- **What you should do**: Please repeat each line below exactly, with no images in the copy.

- **Collected material**:
=== Begin Enclosure ===

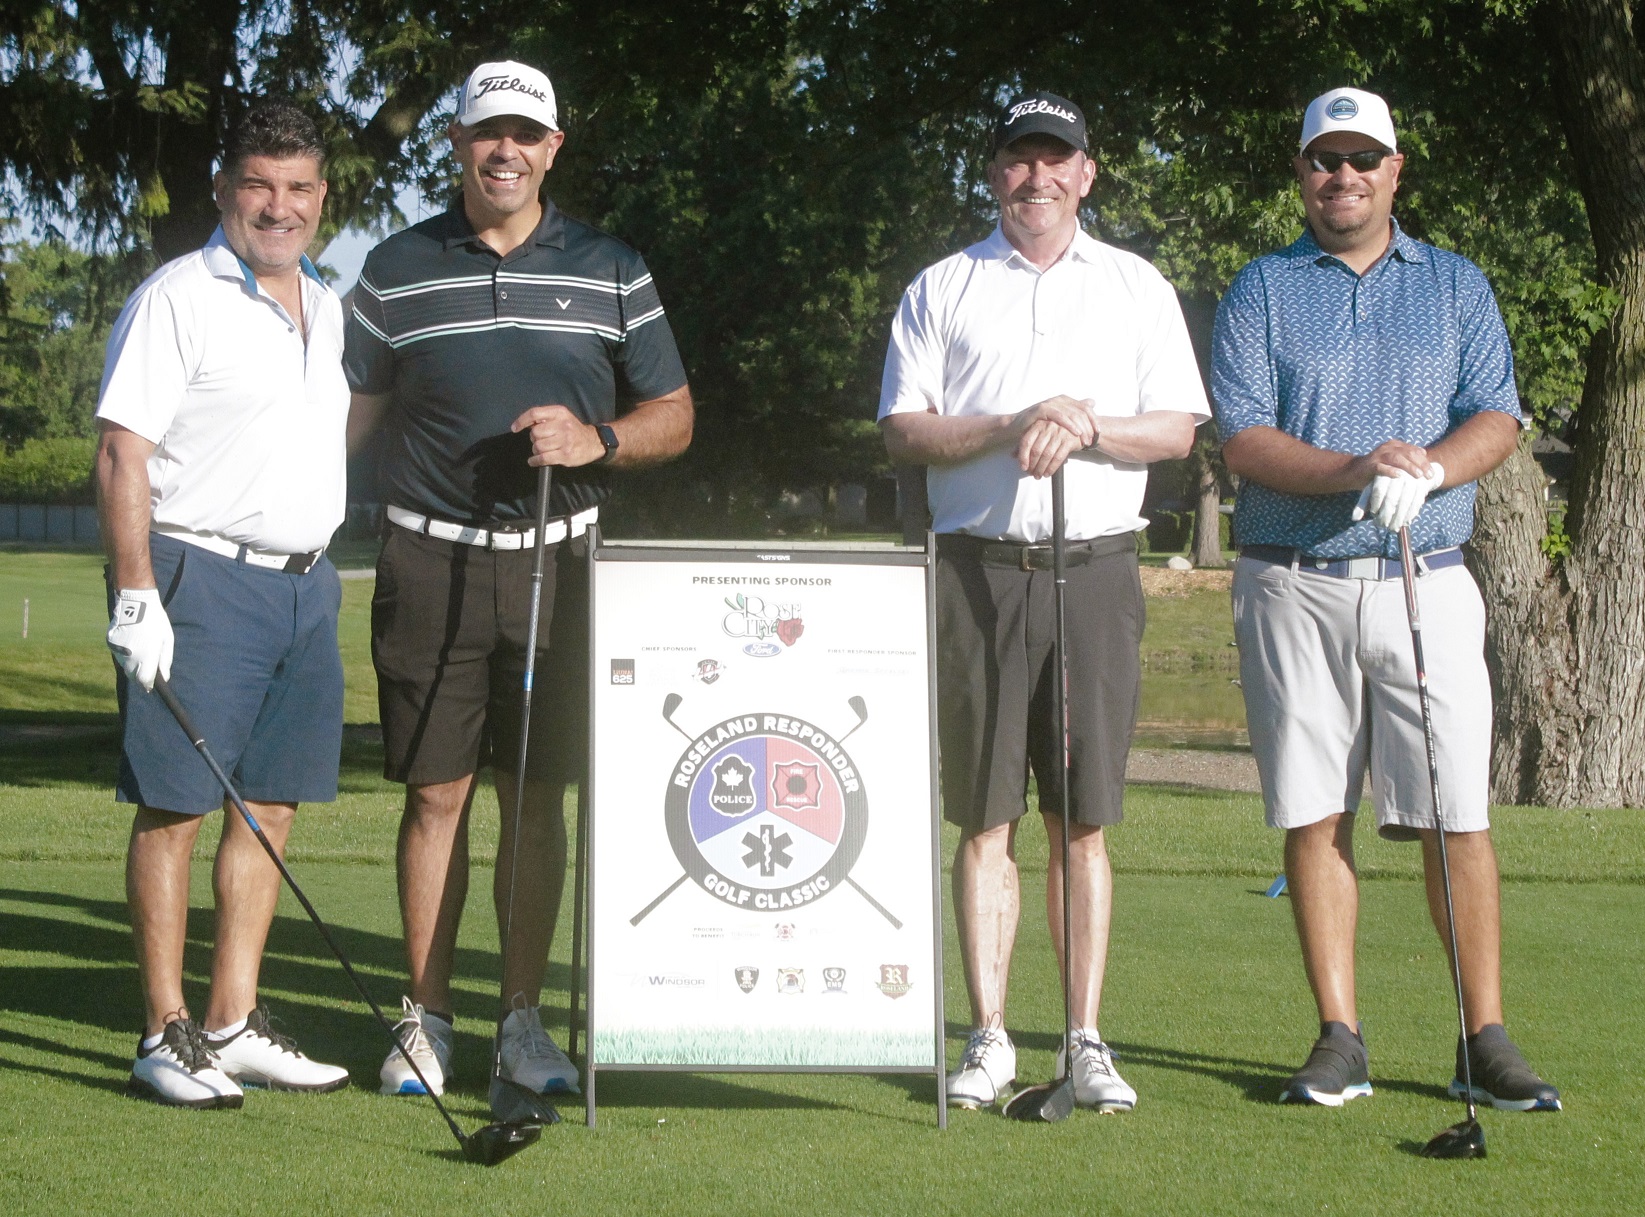 Four  men with golf clubs standing together with a Roseland Responder Golf Classic sign
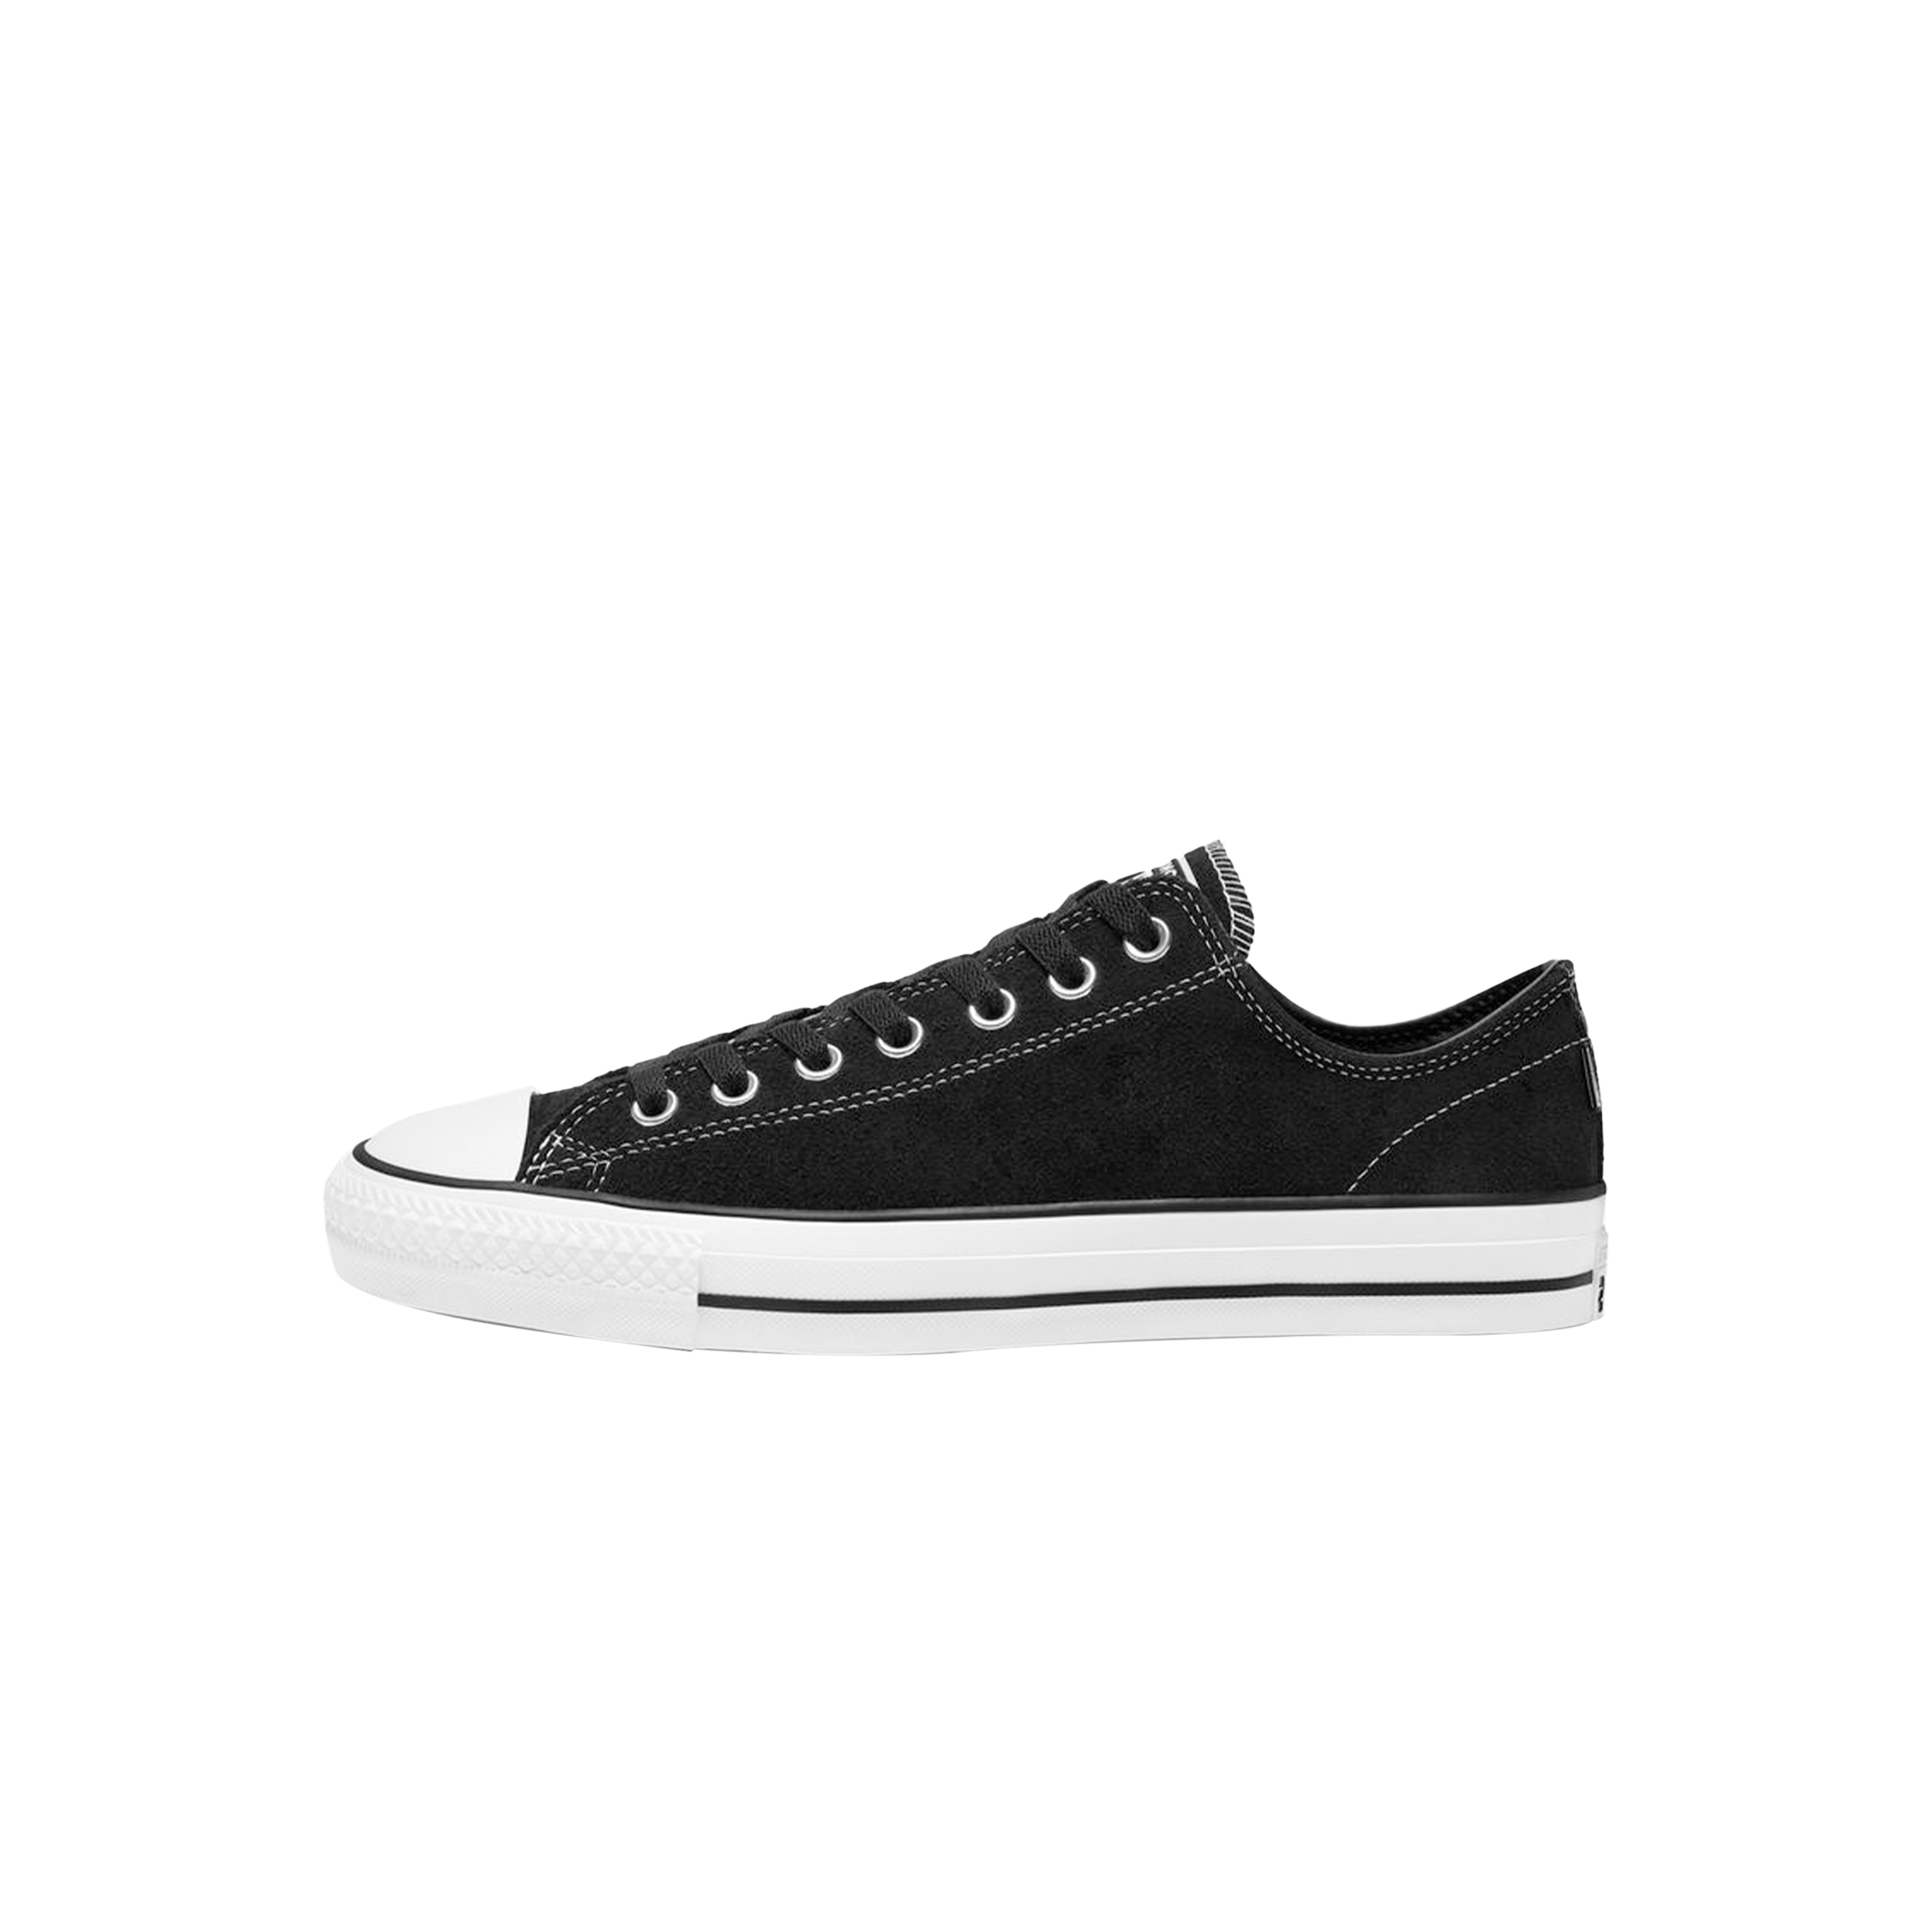 CONS CHUCK TAYLOR ALL STAR PRO SUEDE - Siwilai
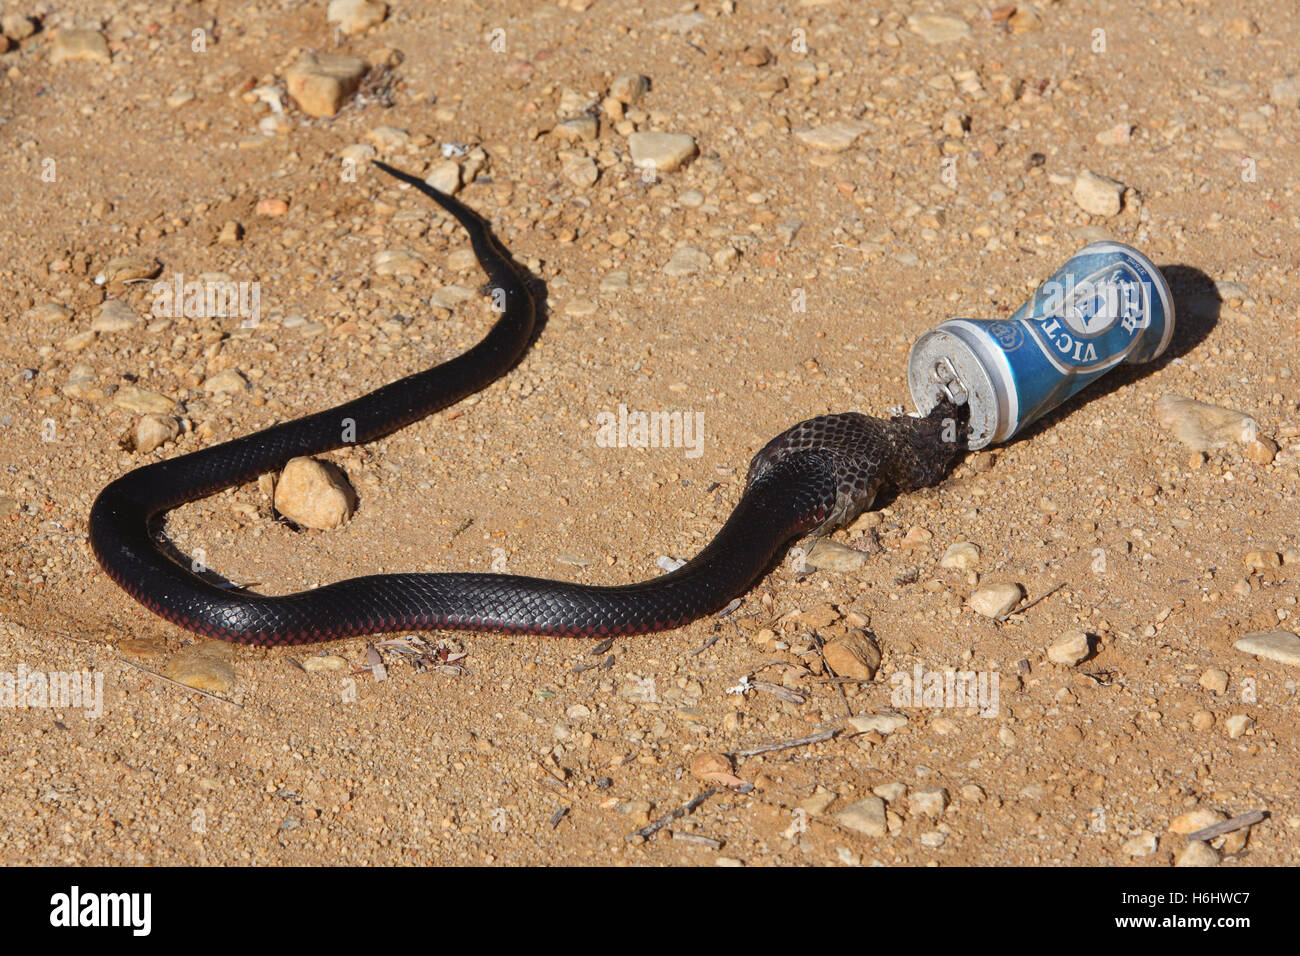 red-bellied-black-snake-killed-after-being-stuck-in-a-beer-can-victoria-H6HWC7.jpg

=== End Enclosure ===

- **Response to the exercise**:
 Four  men with golf clubs standing together with a Roseland Responder Golf Classic sign
 CONS CHUCK TAYLOR ALL STAR PRO SUEDE - Siwilai
 red-bellied-black-snake-killed-after-being-stuck-in-a-beer-can-victoria-H6HWC7.jpg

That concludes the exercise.